(What needs to be done): Please repeat each line from the one holding "Air India Celebrates" through the final line of the data, exactly as it stands, with no pictures.

[Supplied material — start]

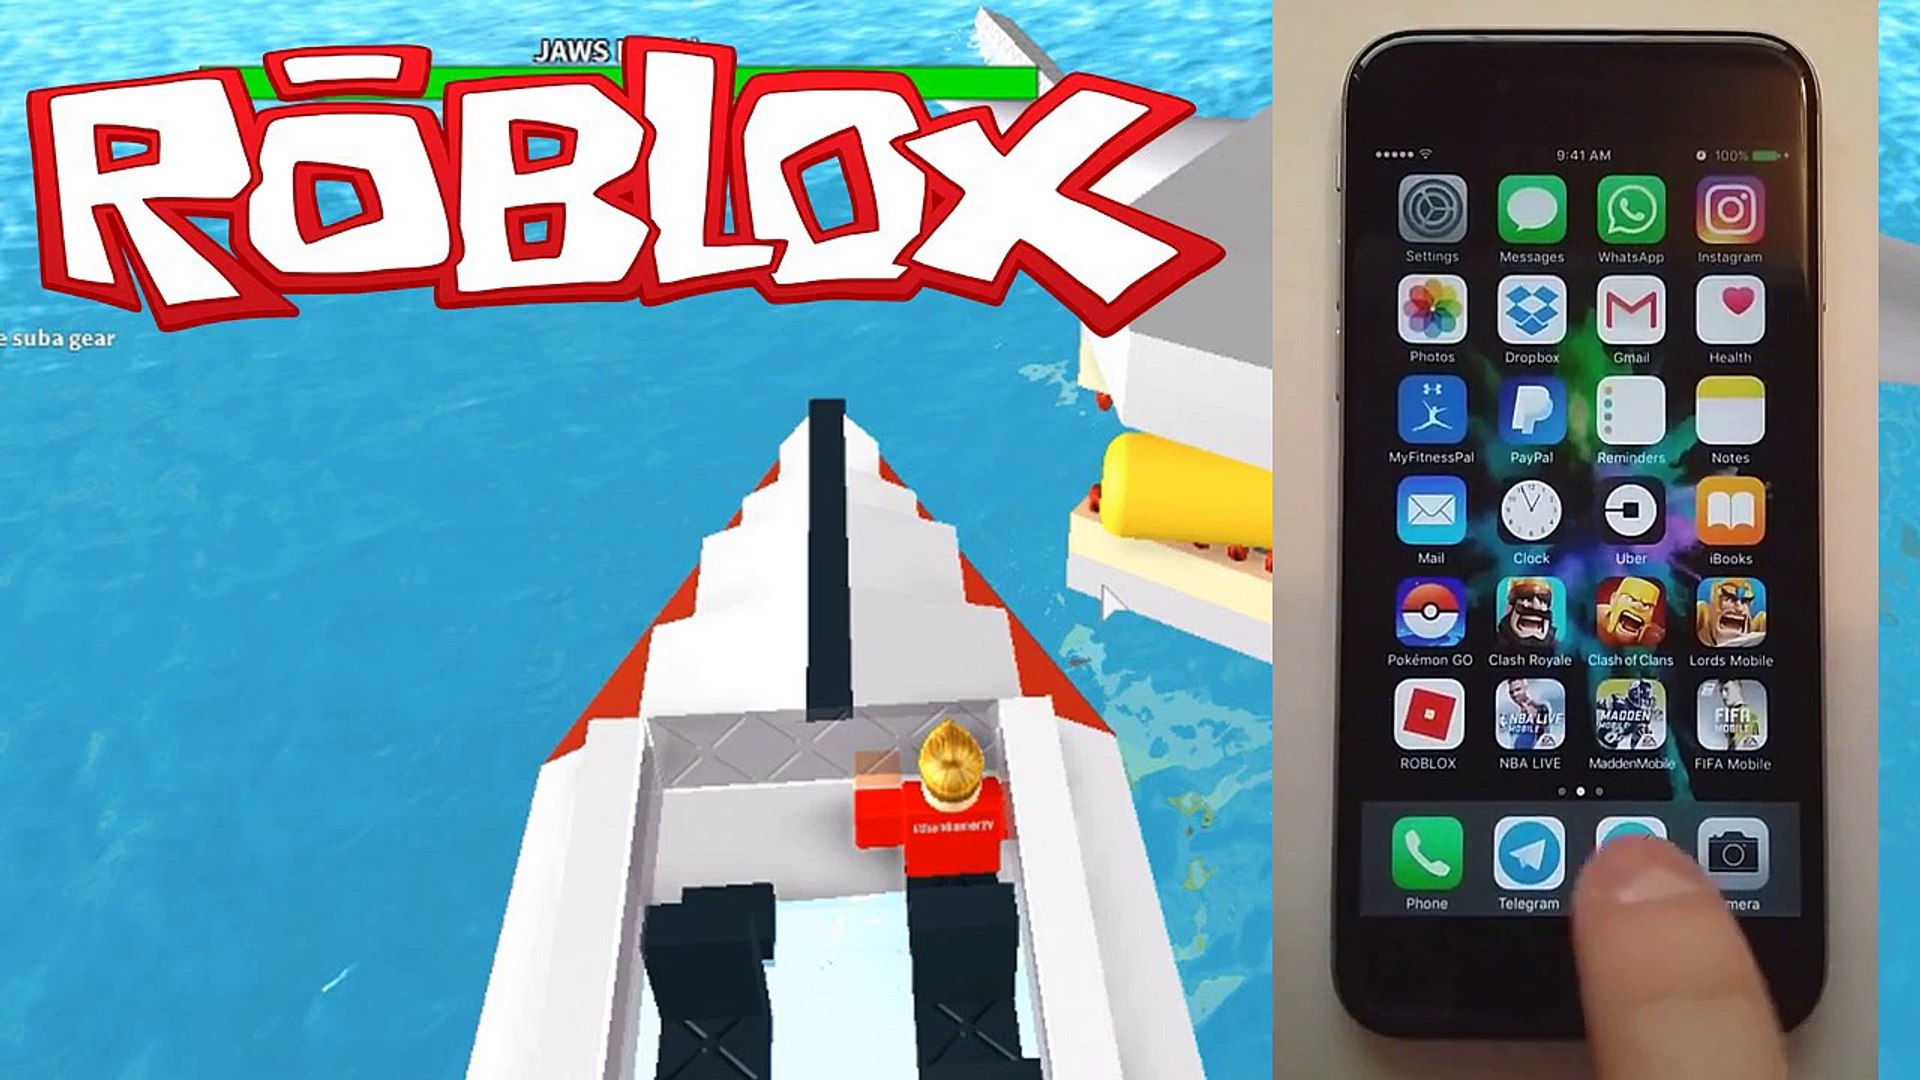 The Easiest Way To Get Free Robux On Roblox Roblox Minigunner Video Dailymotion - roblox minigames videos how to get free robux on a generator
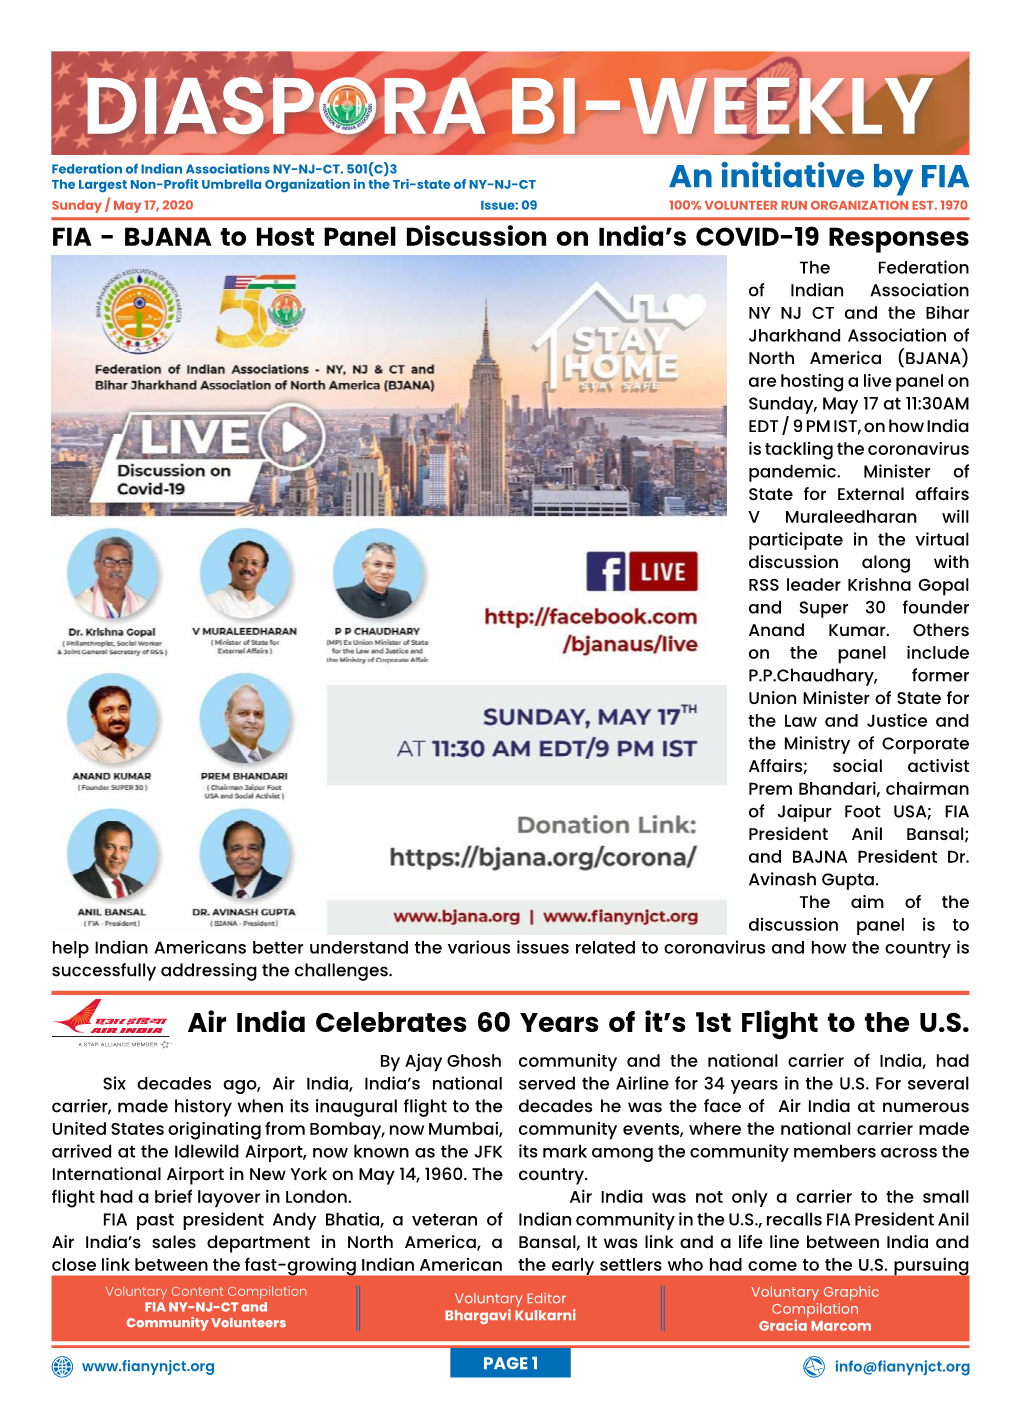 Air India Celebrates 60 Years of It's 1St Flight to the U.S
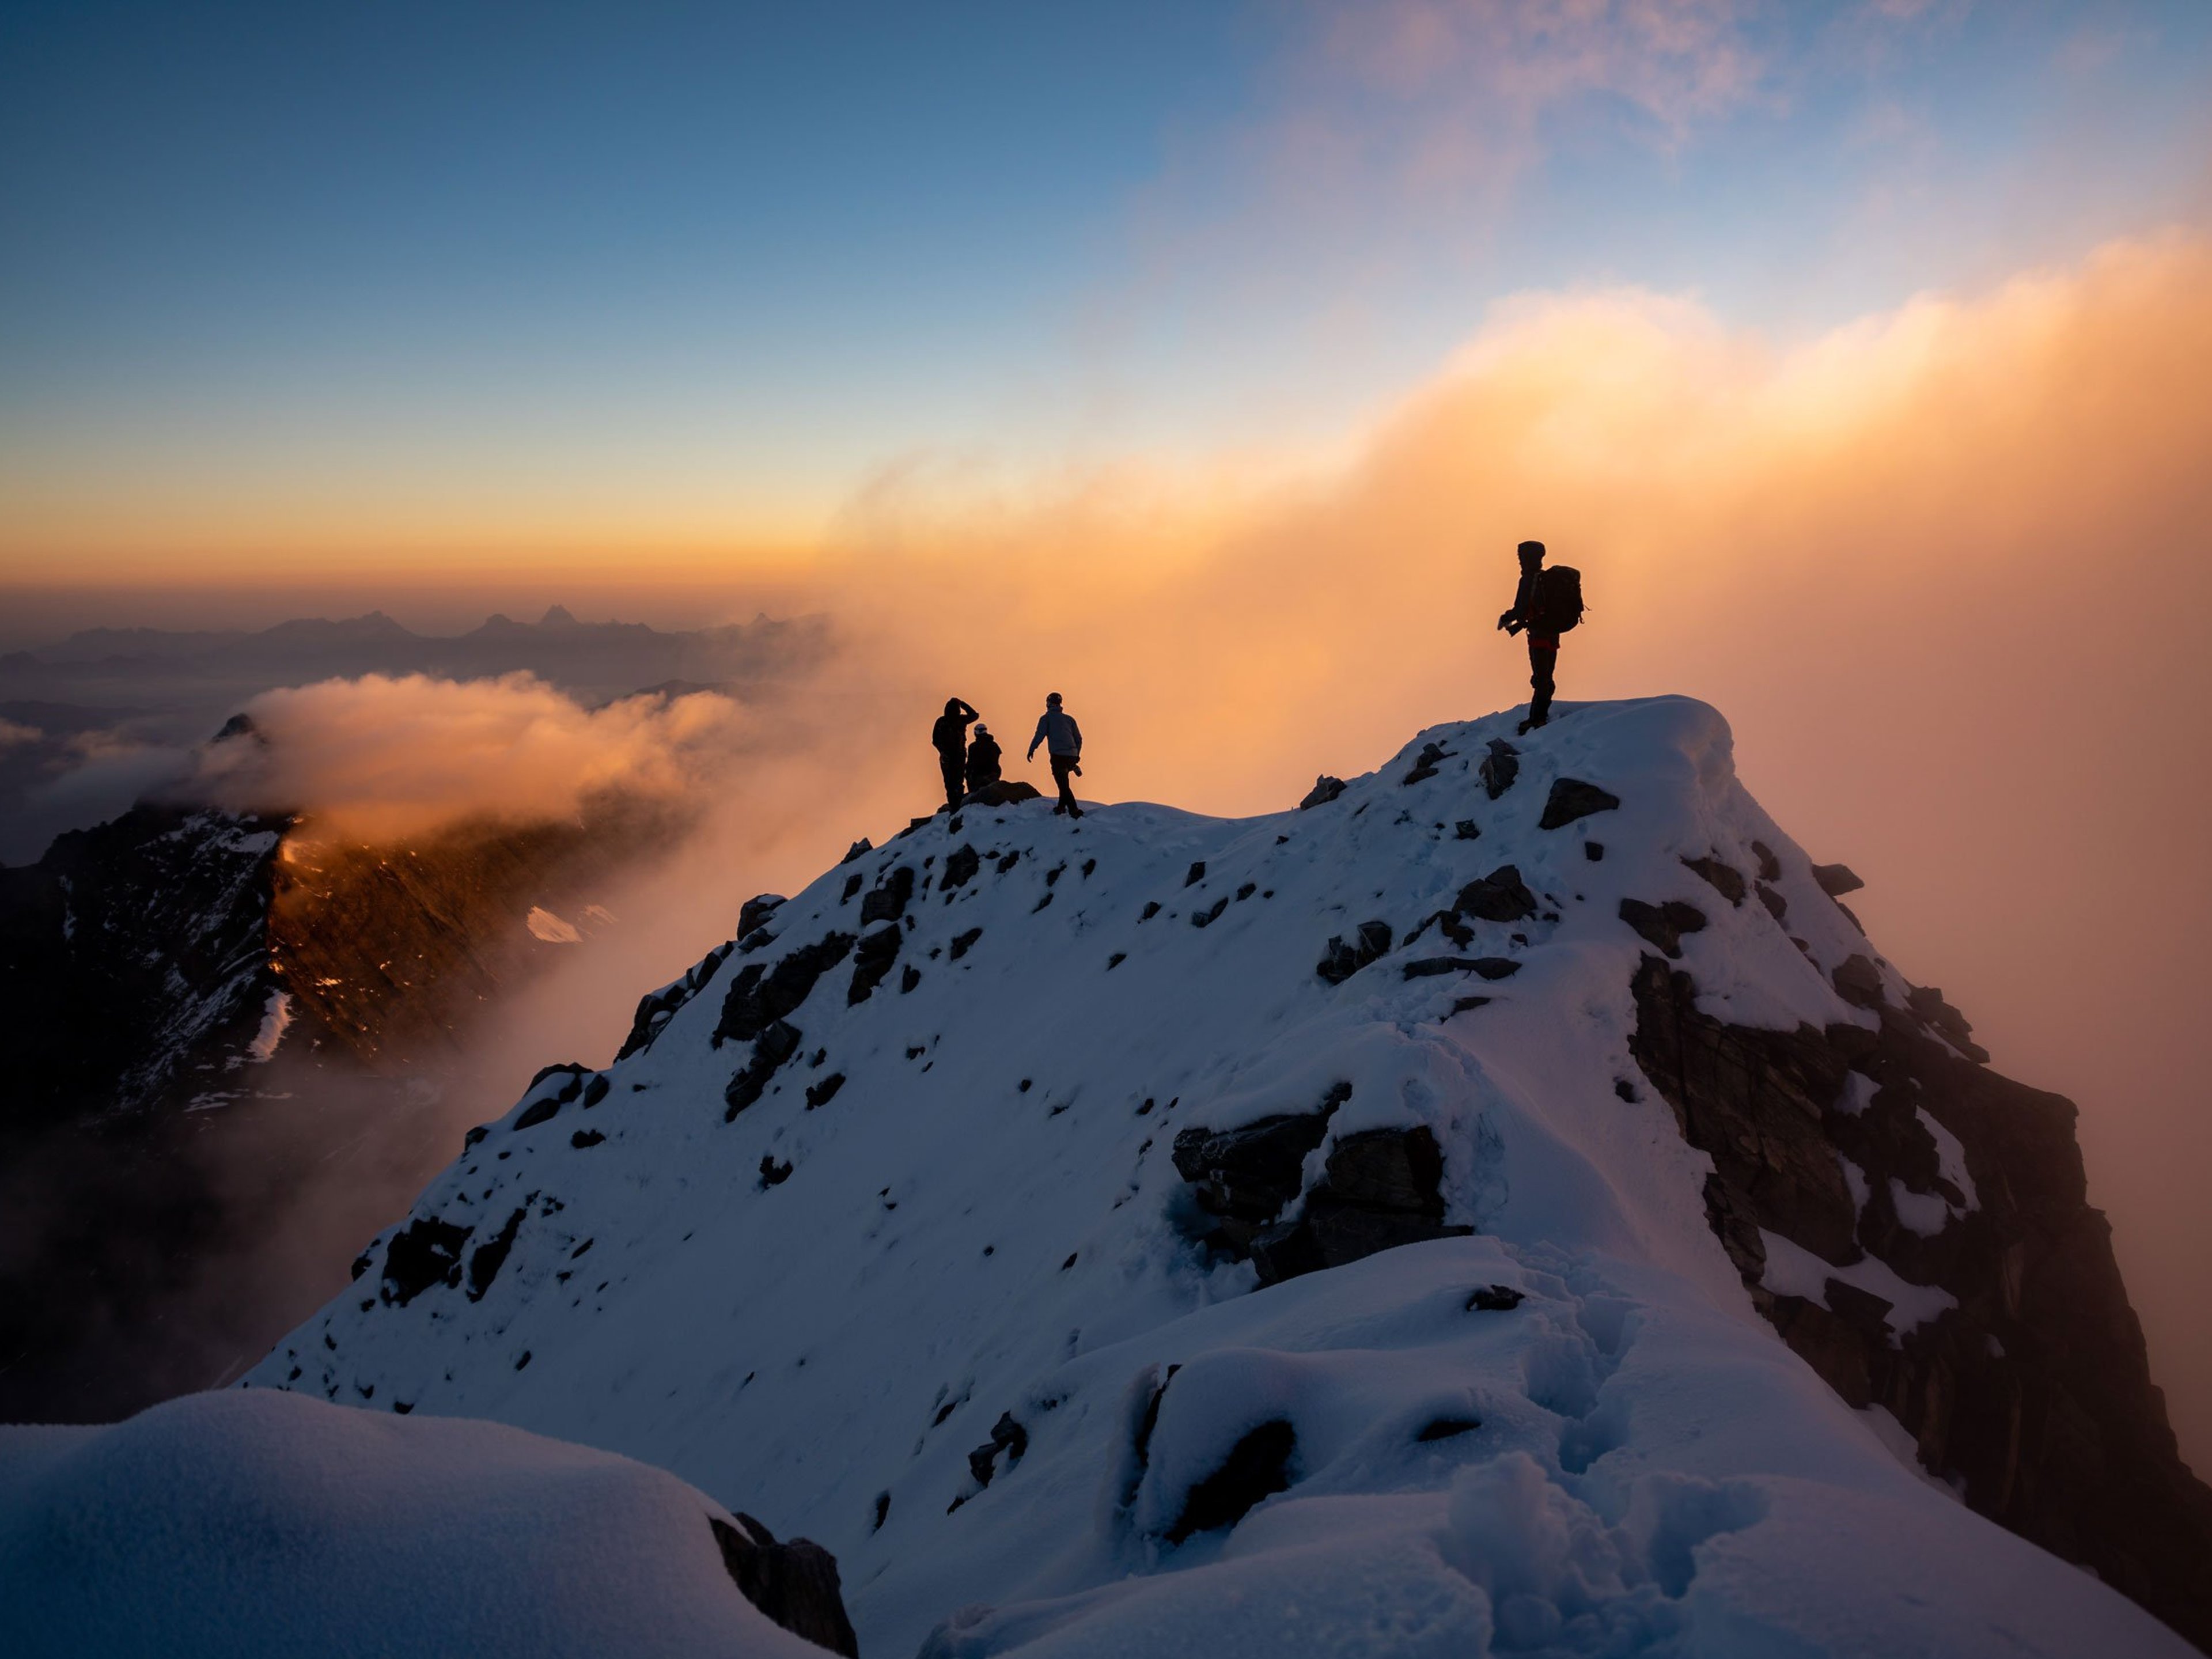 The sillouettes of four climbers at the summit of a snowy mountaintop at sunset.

[Supplied material — finish]

(Answer):
 Air India Celebrates 60 Years of It's 1St Flight to the U.S
 The sillouettes of four climbers at the summit of a snowy mountaintop at sunset.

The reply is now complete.